Business Other News 30 Nov 2016 Fitch cuts GDP forec ...

Fitch cuts GDP forecast to 6.9 per cent

DECCAN CHRONICLE.
Published Nov 30, 2016, 1:05 am IST
Updated Nov 30, 2016, 1:11 am IST
It said that impact of demonetisation on GDP growth will increase the longer the disruption continues.
Fitch said that time spent queueing in banks is also likely to have affected general productivity.
 Fitch said that time spent queueing in banks is also likely to have affected general productivity.

New Delhi: Rating agency Fitch on Tuesday revised downwards its  GDP growth forecast for India to 6.9 per cent current financial year from 7.4 per cent as demonetisation will impact consumption.

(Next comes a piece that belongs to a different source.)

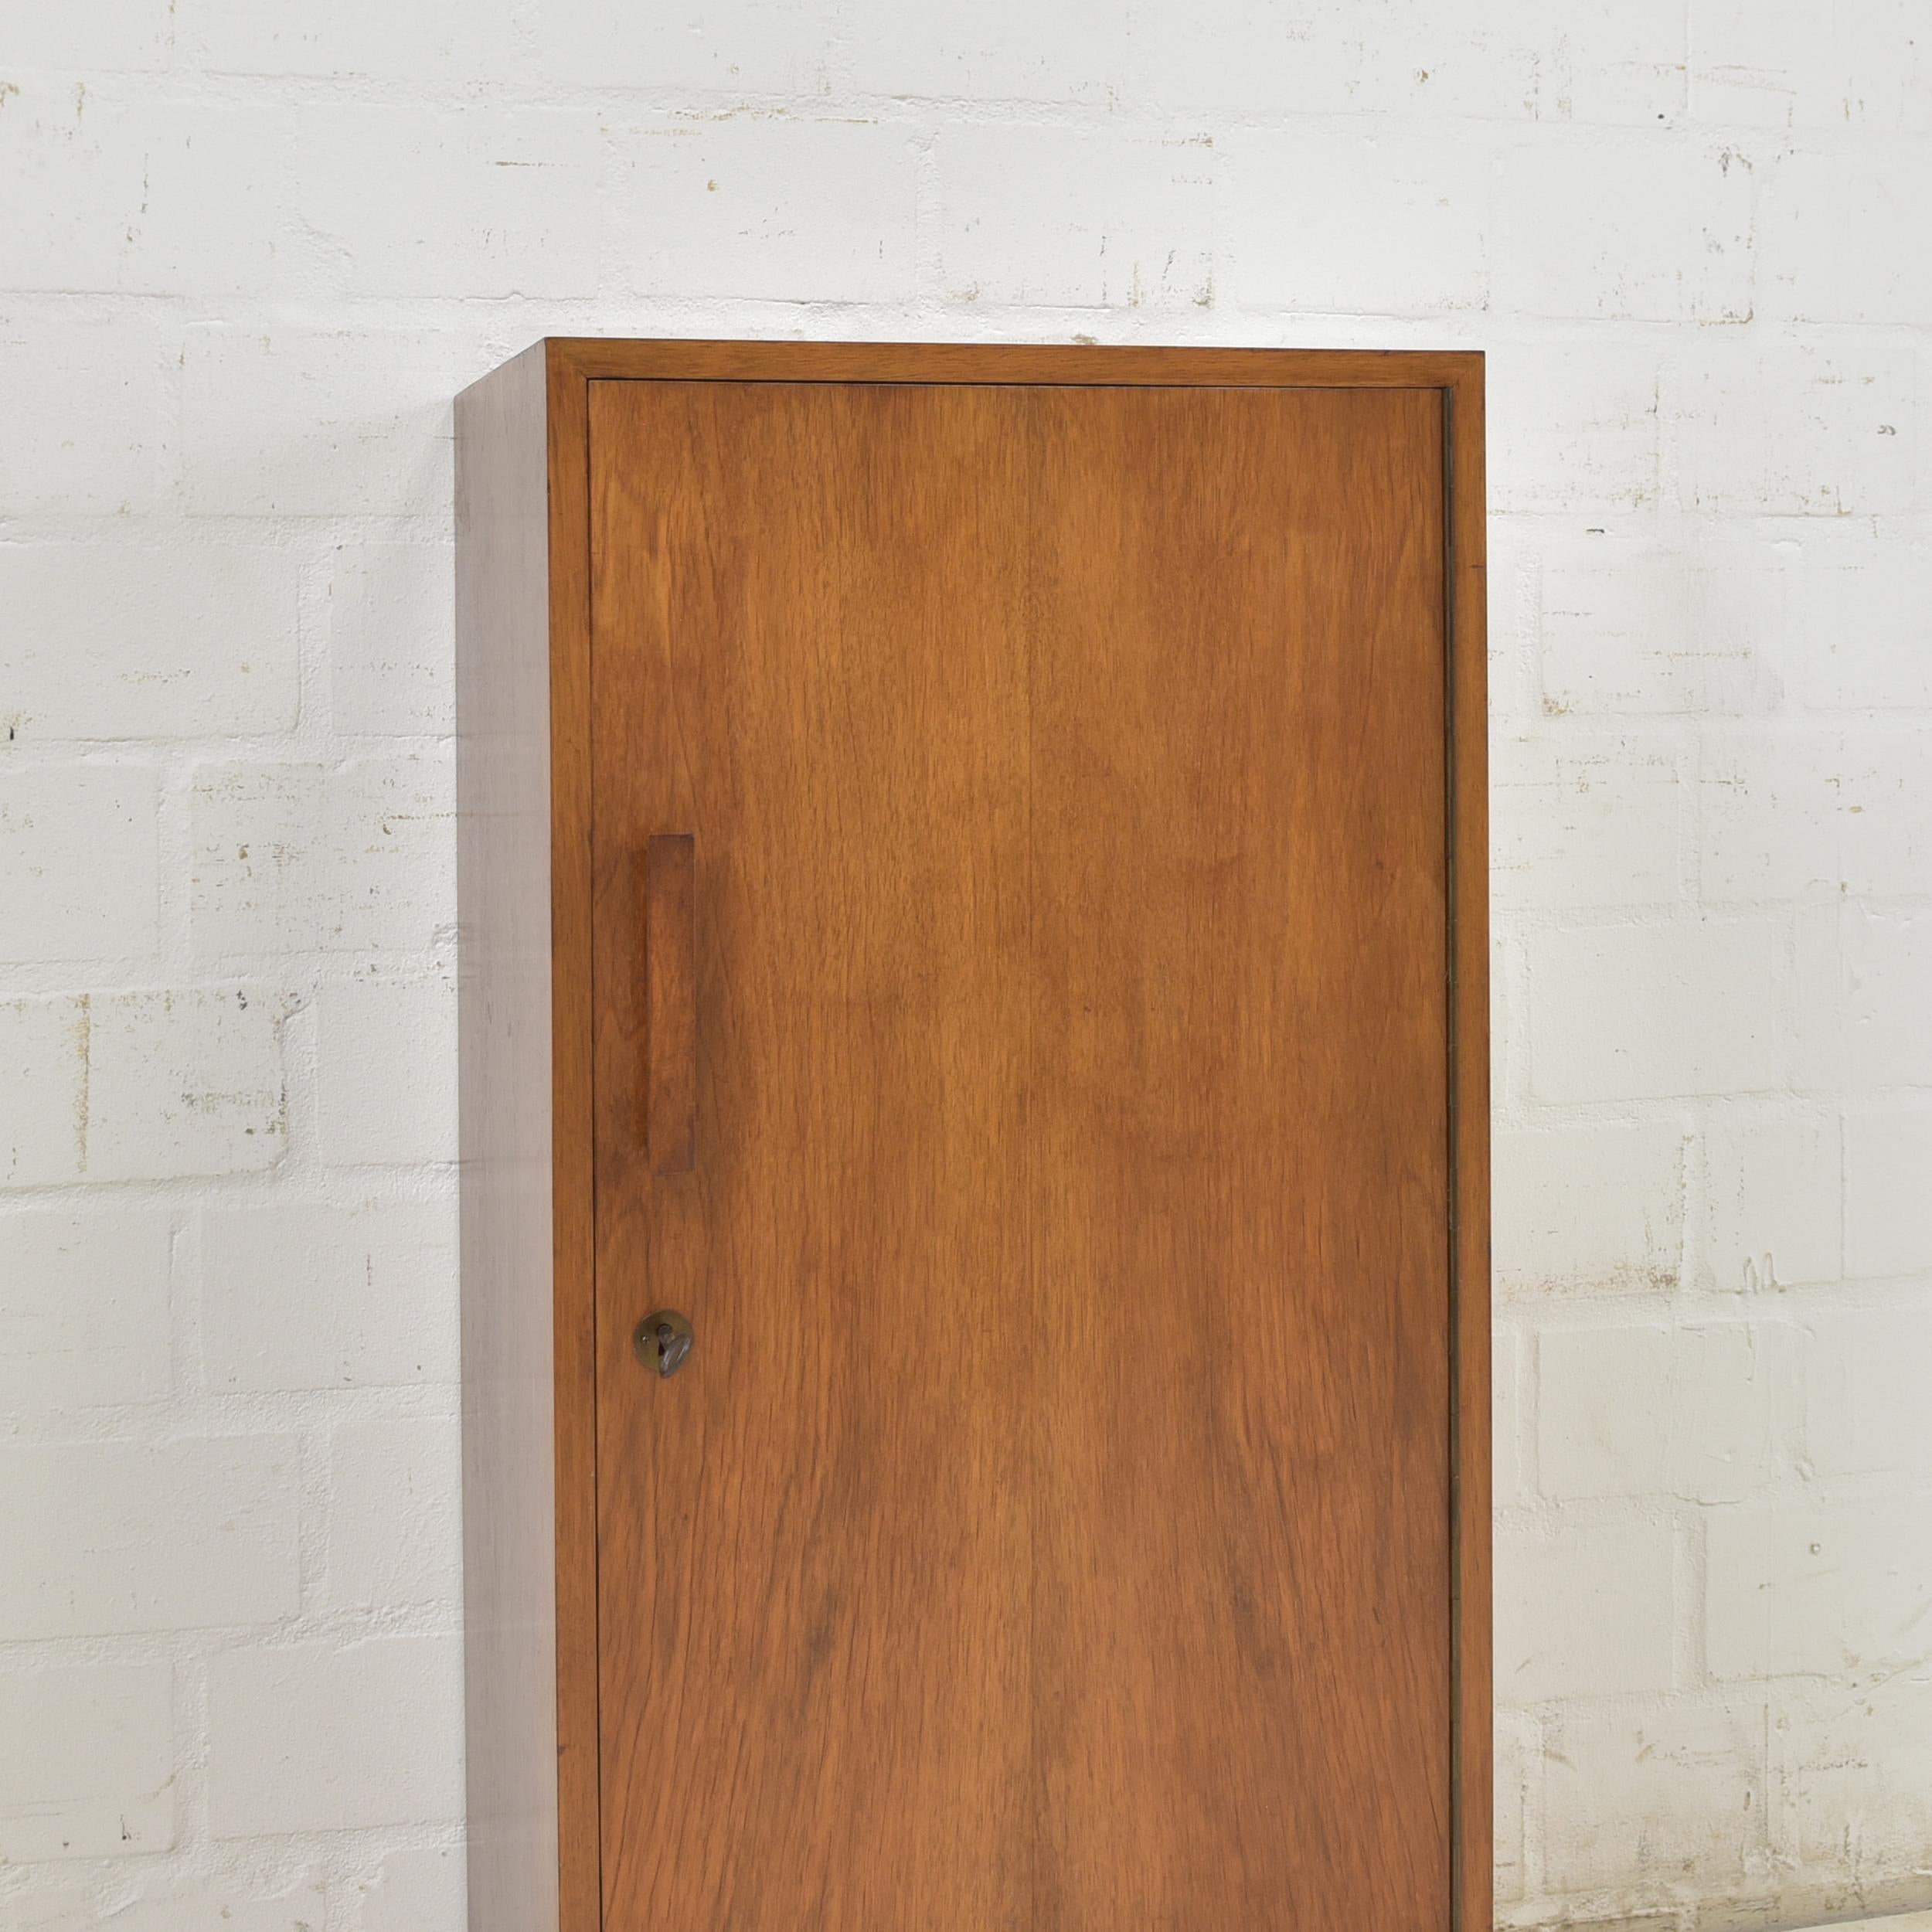 Retro Midcentury Art Deco Narrow Chest of Drawers / Small Cabinet, 1950 For Sale 3
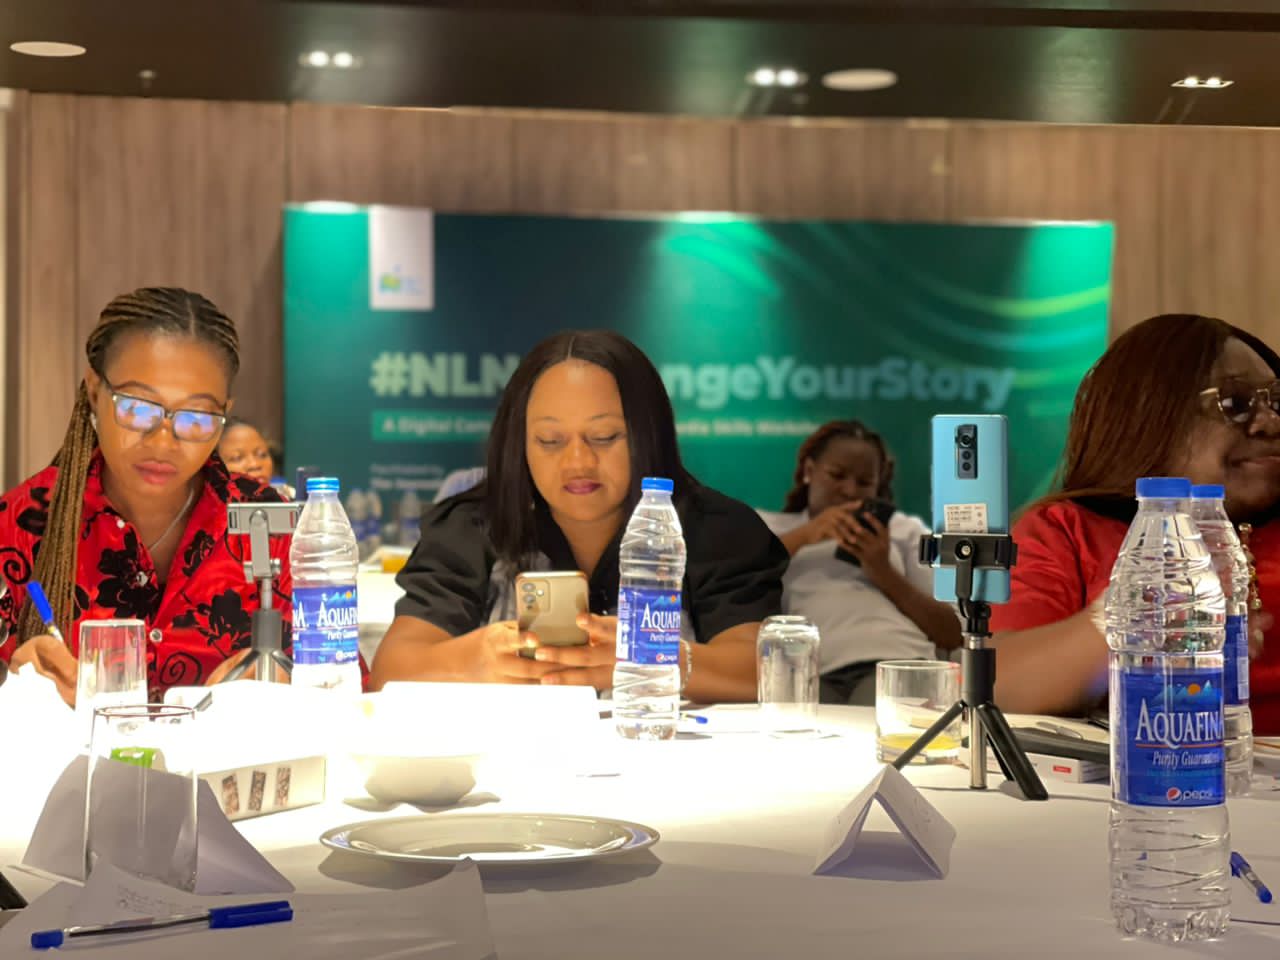 How NLNG activated journalists to dismantle gender divide (in photos)

It said that impact of demonetisation on GDP growth will increase the longer the disruption continues. “Economic activity will be hit in fourth quarter by the cash crunch created by withdrawal and replacement of bank notes that account for 86 per cent of the value of currency in circulation,” said Fitch.

 

It said that due to the demonetisation, Indian consumers have not had the cash needed to complete purchases, and there have been reports of supply chains being disrupted and farmers unable to buy seeds and fertiliser for the sowing season.

Fitch said that time spent queueing in banks is also likely to have affected general productivity. However, it said that medium-term effect of the currency withdrawal on GDP growth is uncertain, but is unlikely to be large.

“Most importantly, demonetisation is a one-off event. People who operate in the informal sector will still be able to use the new high-denomination bills and other options (such as gold) to store their wealth. There are no new incentives for people to avoid cash transactions. The informal sector could soon go back to business as usual,” said Fitch.

 

It said that anticipated recovery in investment looks a bit less certain in light of ongoing weakness in the data. “The RBI’s policy rate cuts by a total 150 basis points since the beginning of 2015 are likely to feed through to higher GDP growth, even though monetary transmission has been impaired by relatively weak banking sector health A surge in low-cost funding due to the demonetisation may remove a constraint on banks that prevented lending rates from keeping pace with the RBI’s policy rate cuts in recent years,” said Fitch.